- **About this task**
Here is the task for the listing below: output exactly the lines from the one containing "Chaussures de football" through the one containing "Calendarios 2020 Para", and leave out the pictures.

- **Data for processing**
▶

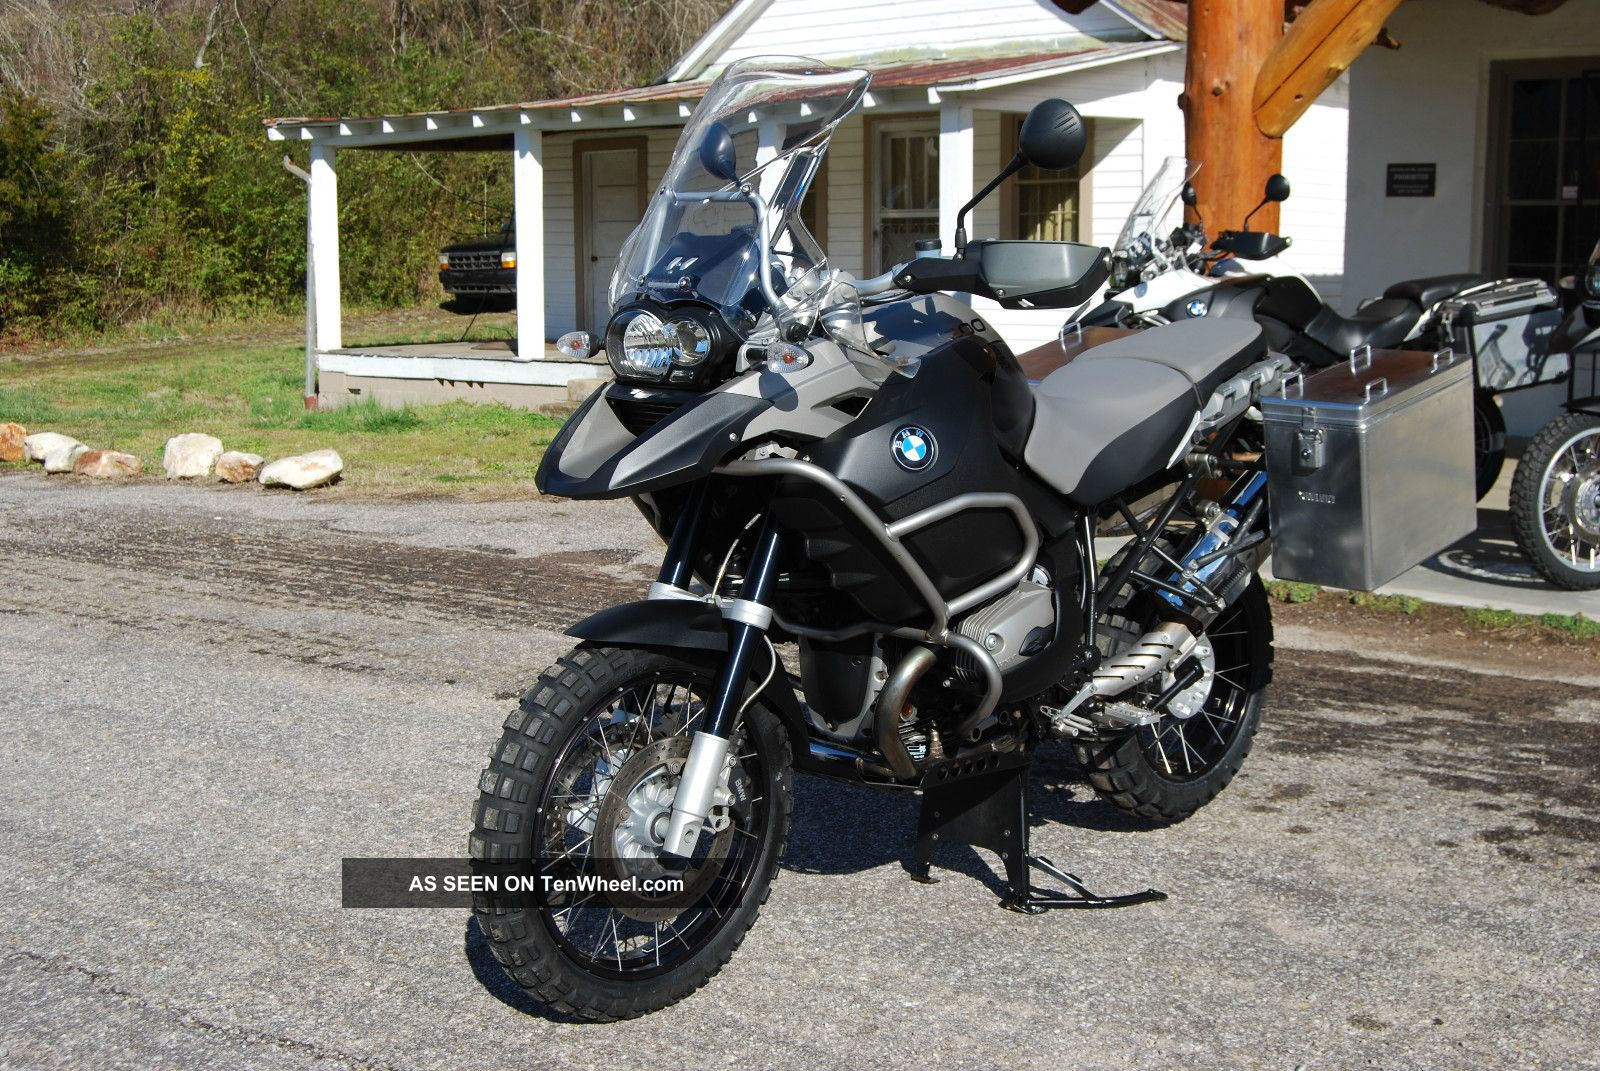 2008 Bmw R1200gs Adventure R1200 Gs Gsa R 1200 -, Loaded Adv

◀
▶

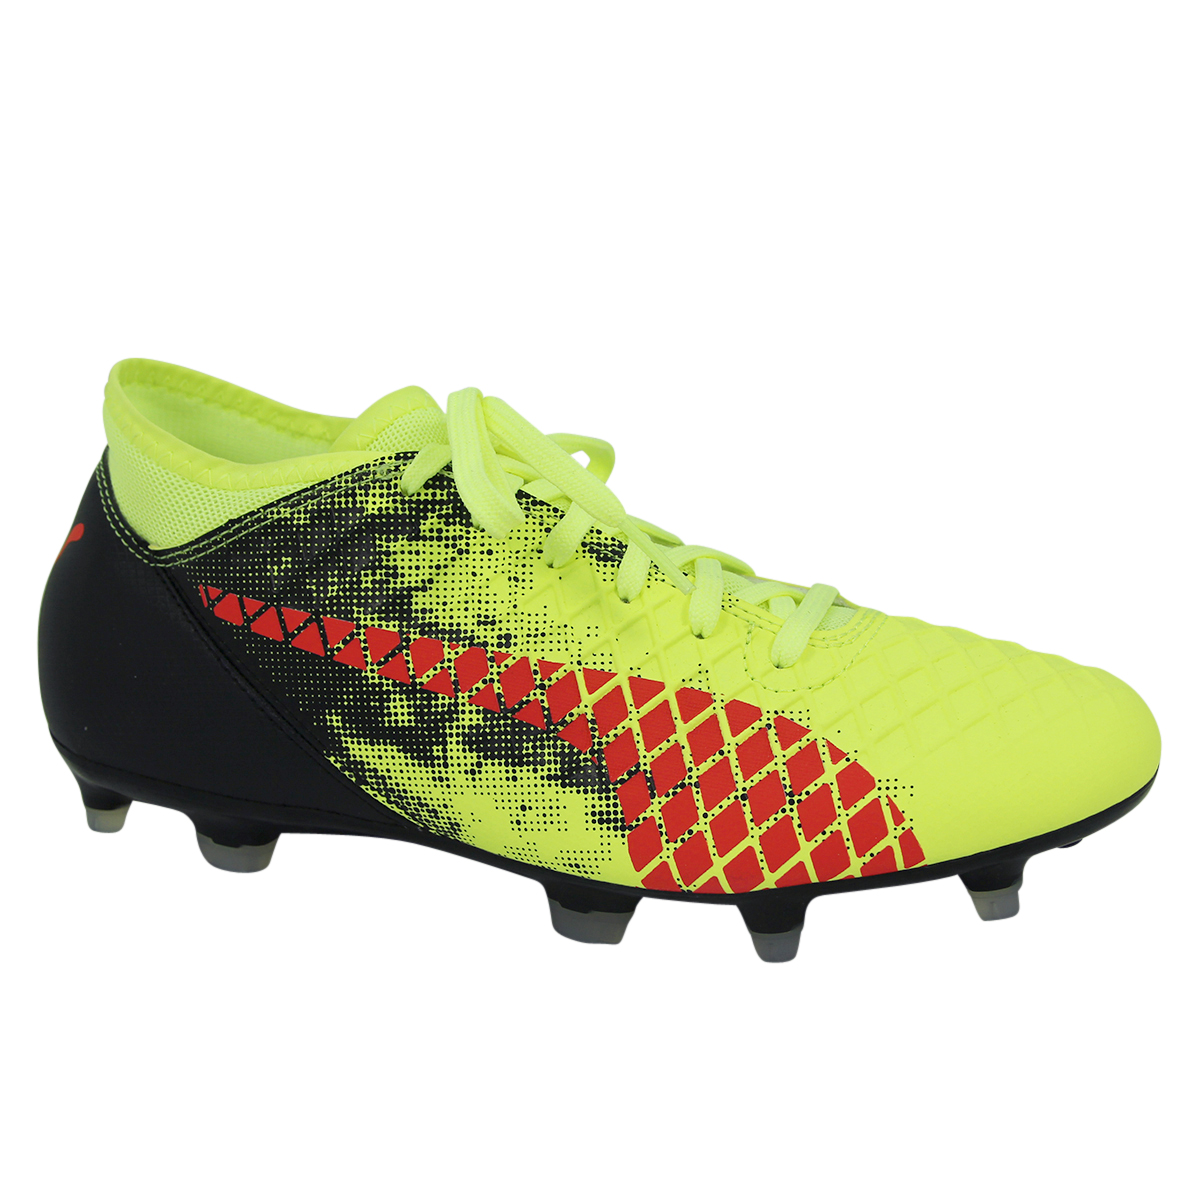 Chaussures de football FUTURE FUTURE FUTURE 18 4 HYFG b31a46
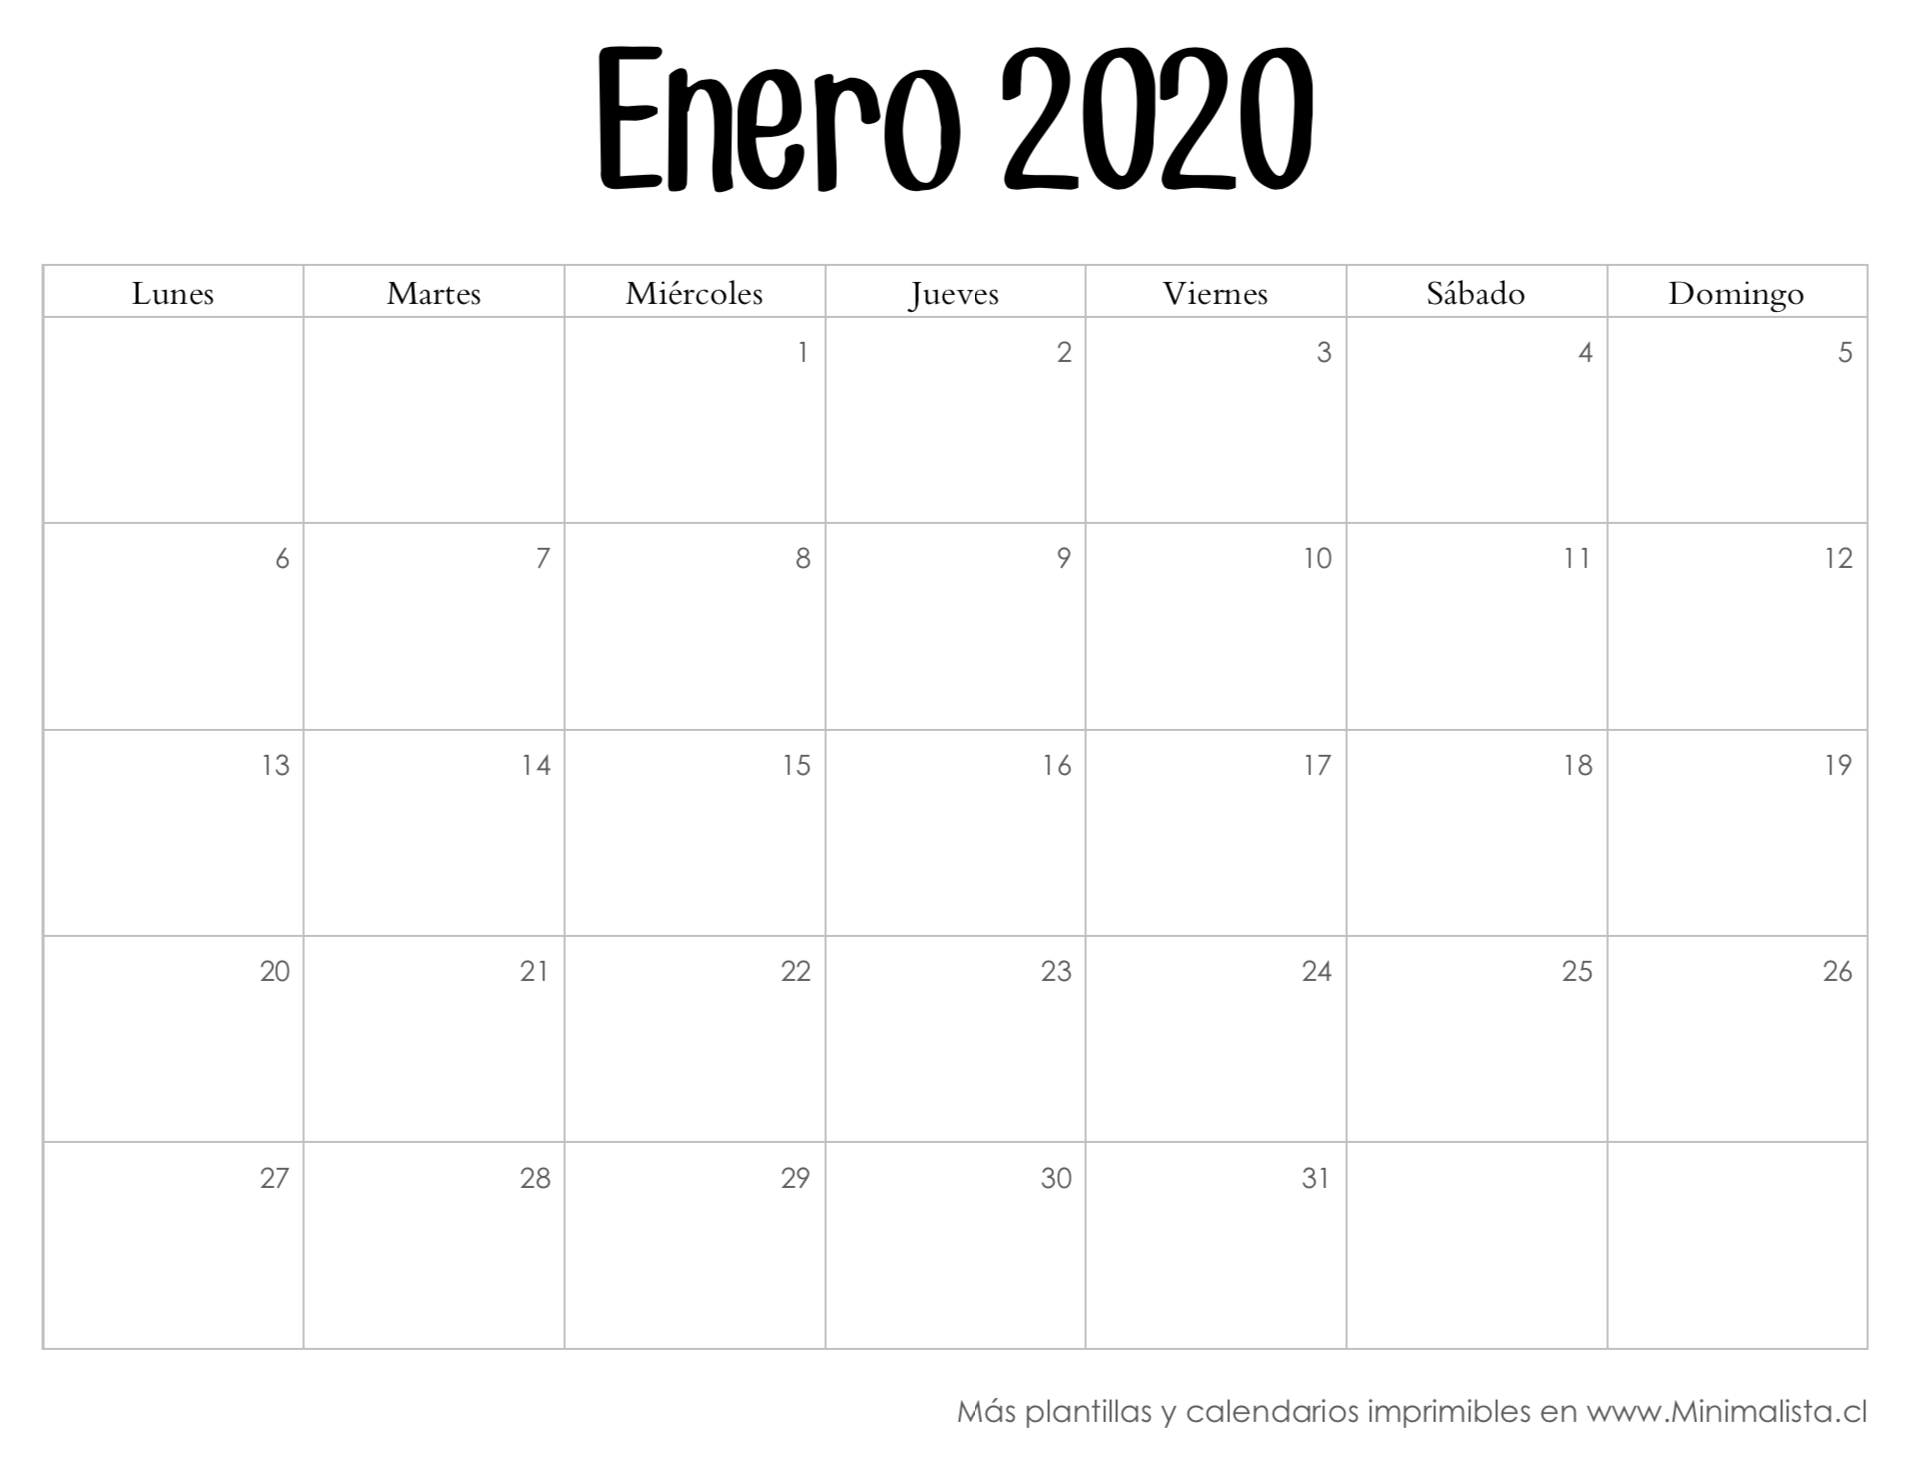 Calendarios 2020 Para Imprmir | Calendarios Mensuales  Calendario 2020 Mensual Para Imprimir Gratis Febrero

◀

- **Task solution**
 Chaussures de football FUTURE FUTURE FUTURE 18 4 HYFG b31a46
 Calendarios 2020 Para Imprmir | Calendarios Mensuales  Calendario 2020 Mensual Para Imprimir Gratis Febrero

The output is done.